State v. Pettit

¶1 Michael Sanaco Pettit appeals his stipulated-facts bench trial conviction for violating a no-contact order, domestic violence. He argues that the trial court should have suppressed evidence of his passenger’s identity because the investigating officer improperly exceeded the scope of a traffic stop. Holding that the officer had a valid basis for suspecting criminal activity and extending the investigation,1 we affirm.

Hunt, J.

FACTS

¶2 Kitsap County Sheriff’s Deputy Lee Watson stopped Michael S. Pettit because his car had a loud exhaust, generated by a “coffee can” muffler, which RCW 46.37.390(1) and (3) prohibit. Verbatim Report of Proceedings at 9. A record check disclosed that Pettit was named in a no-contact order issued for the protection of a 16-year-old girl, Michelle Whitmarsh.

¶3 Pettit’s front seat female passenger appeared to be about 16.2 Watson returned to Pettit’s car and asked the *719passenger for her name. She told him that she was Samantha M. Wright and that her birth date was October 21, 1989.3 Watson ran a check on that name and found no record.
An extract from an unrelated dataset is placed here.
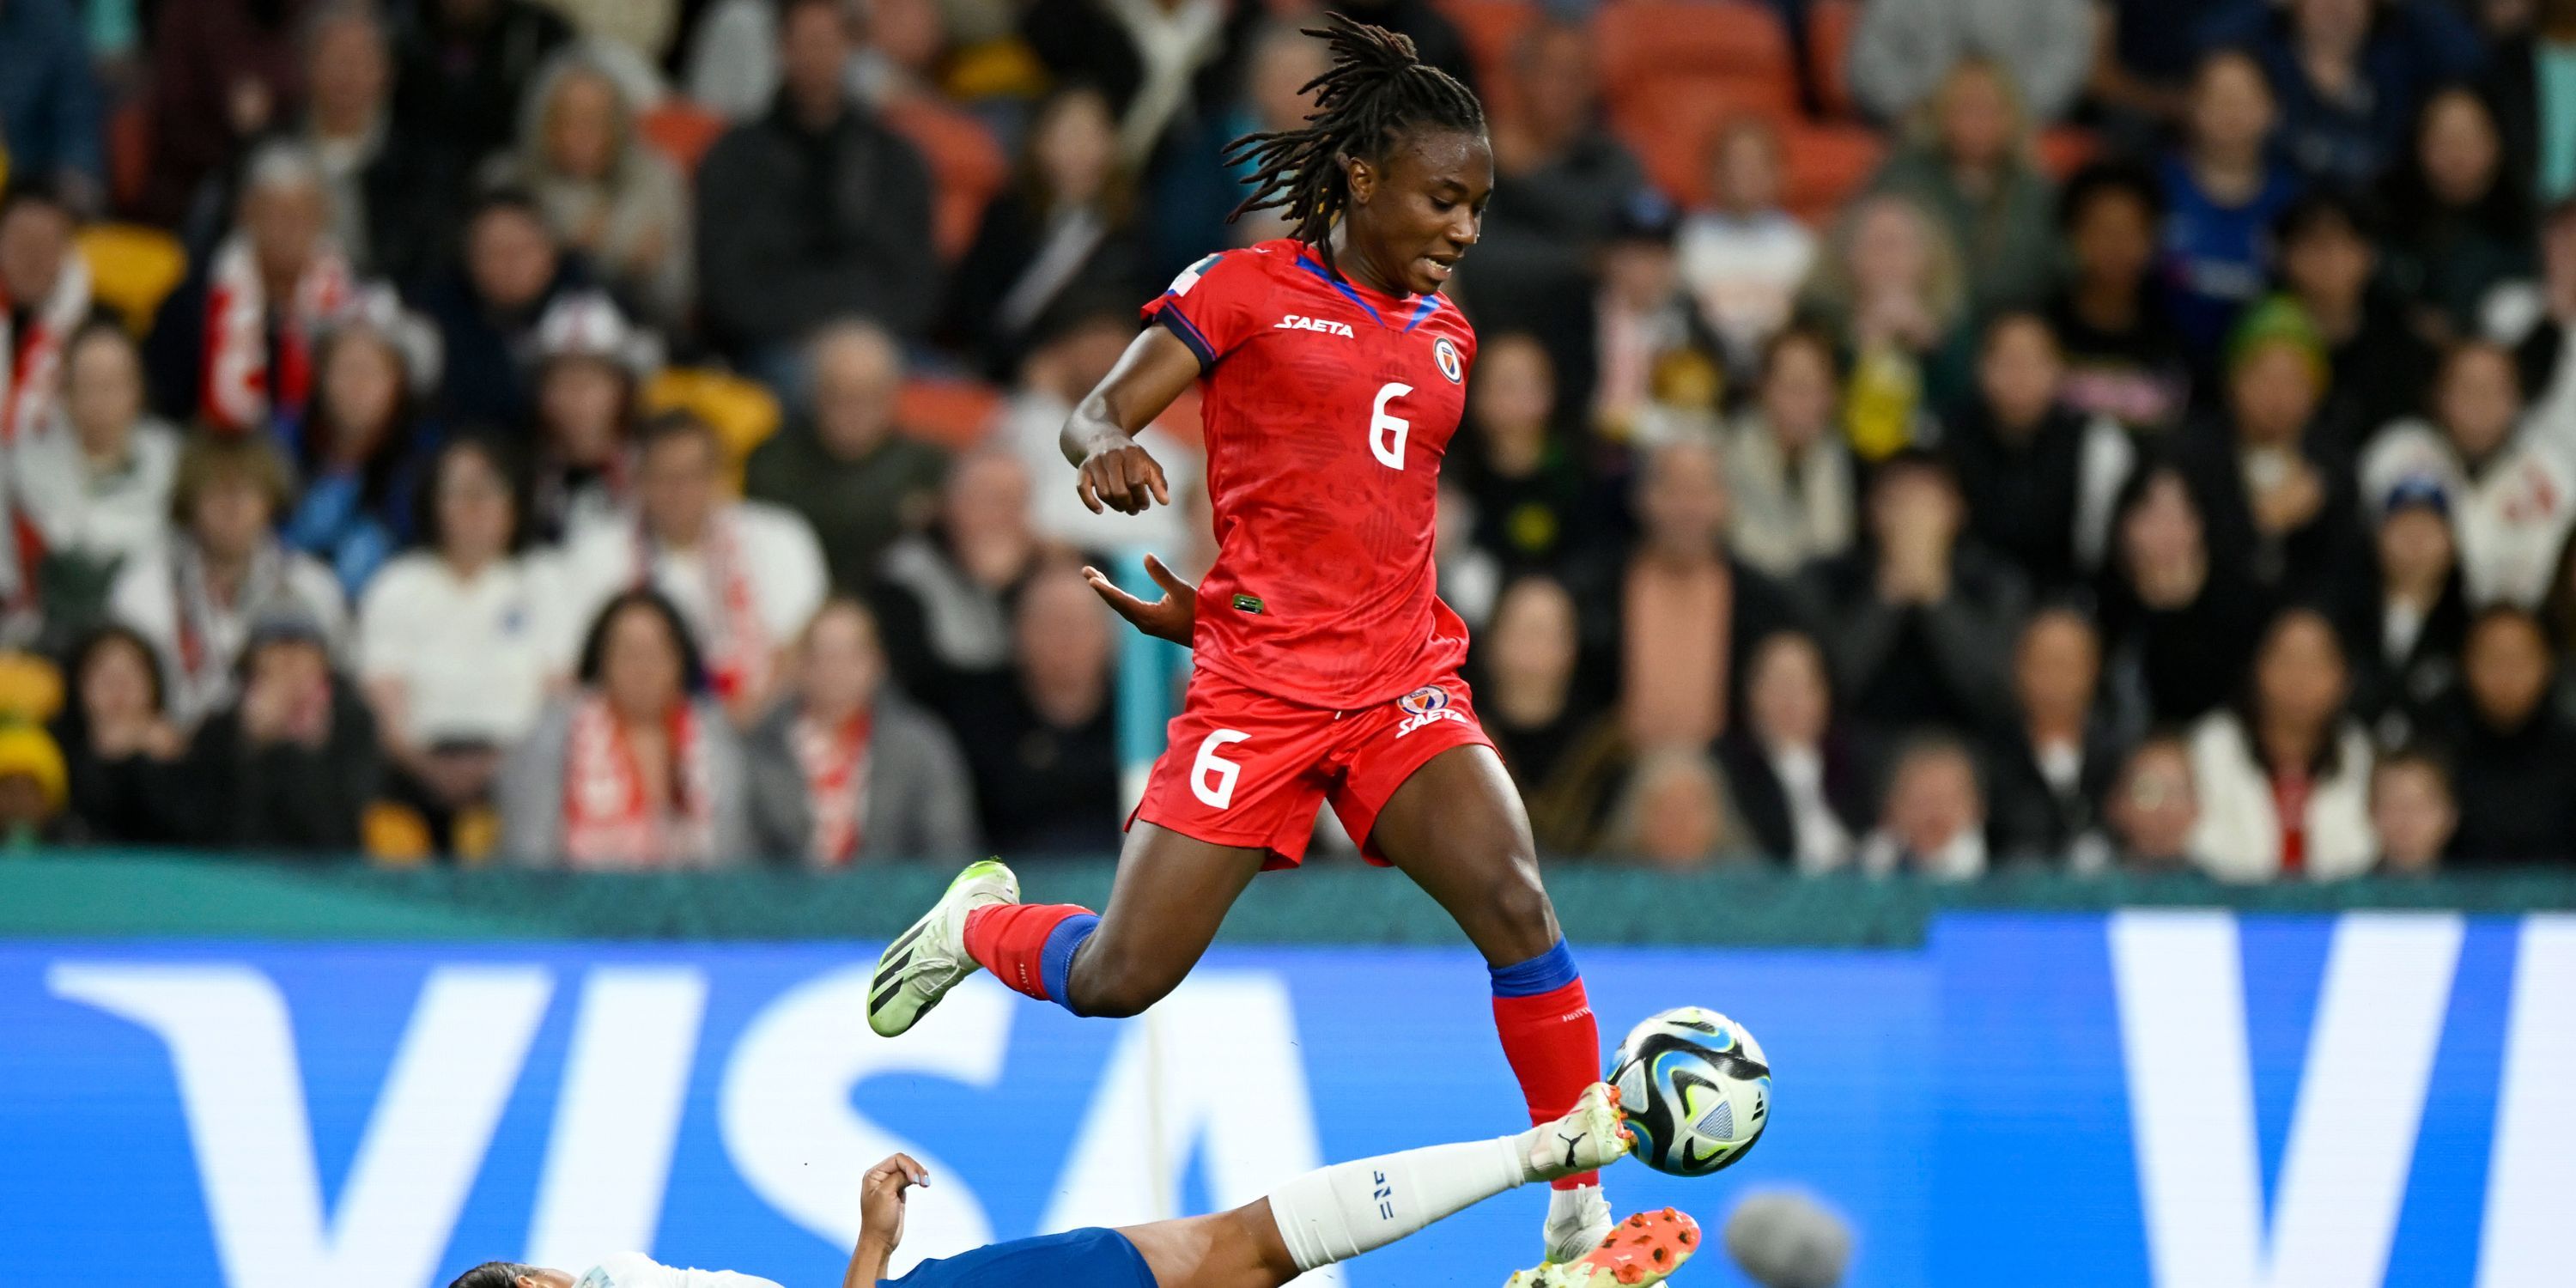 Melchie Dumornay at the Women's World Cup

He did obtain more information from dispatch about Michelle Whitmarsh, who was described as having brown hair, hazel eyes, and a tattoo on her left hand. He also discovered that Whitmarsh was listed as missing and that there was a warrant for her arrest.

¶4 When Watson returned to Pettit’s car, he discovered that his young female passenger had the letter “M” tattooed on her left hand. After he confirmed that Whitmarsh’s tattoo was an “M,” he arrested Pettit for violation of the no-contact order. He also took Whitmarsh into custody. The entire encounter took 11 minutes.

¶5 Pettit moved to suppress Whitmarsh’s identity. When the court denied that motion, he went to trial without a jury on stipulated facts. The trial court convicted him as charged and sentenced him to six months in jail.

ANALYSIS

¶6 Pettit argues that Watson had no legal basis for questioning his passenger and, therefore, the trial court erred in refusing to suppress the evidence obtained from that questioning. We disagree.

f 7 Article I, section 7 of the Washington Constitution provides that “[n]o person shall be disturbed in his private affairs, or his home invaded, without authority of law.” This provision prohibits law enforcement officials from requesting identification from passengers for investigative purposes unless there is an independent basis that justifies that request. State v. Rankin, 151 Wn.2d 689, 699, 92 P.3d 202 (2004). One such independent basis is an articulable suspicion of criminal activity. Rankin, 151 Wn.2d at 697-98; State v. Allen, 138 Wn. App. 463, 469, 157 *720P.3d 893 (2007). In order to satisfy that requirement, the officer must be able to identify specific and articulable facts that, taken together with rational inferences from those facts, reasonably warrant the intrusion. State v. Bliss, 153 Wn. App. 197, 204, 222 P.3d 107 (2009). A traffic stop does not become an unlawful seizure simply because the officer inquires into matters unrelated to the justification for the stop, so long as those inquiries “do not measurably extend the duration of the stop.” Arizona v. Johnson, 555 U.S. 323, 333, 129 S. Ct. 781, 172 L. Ed. 2d 694 (2009).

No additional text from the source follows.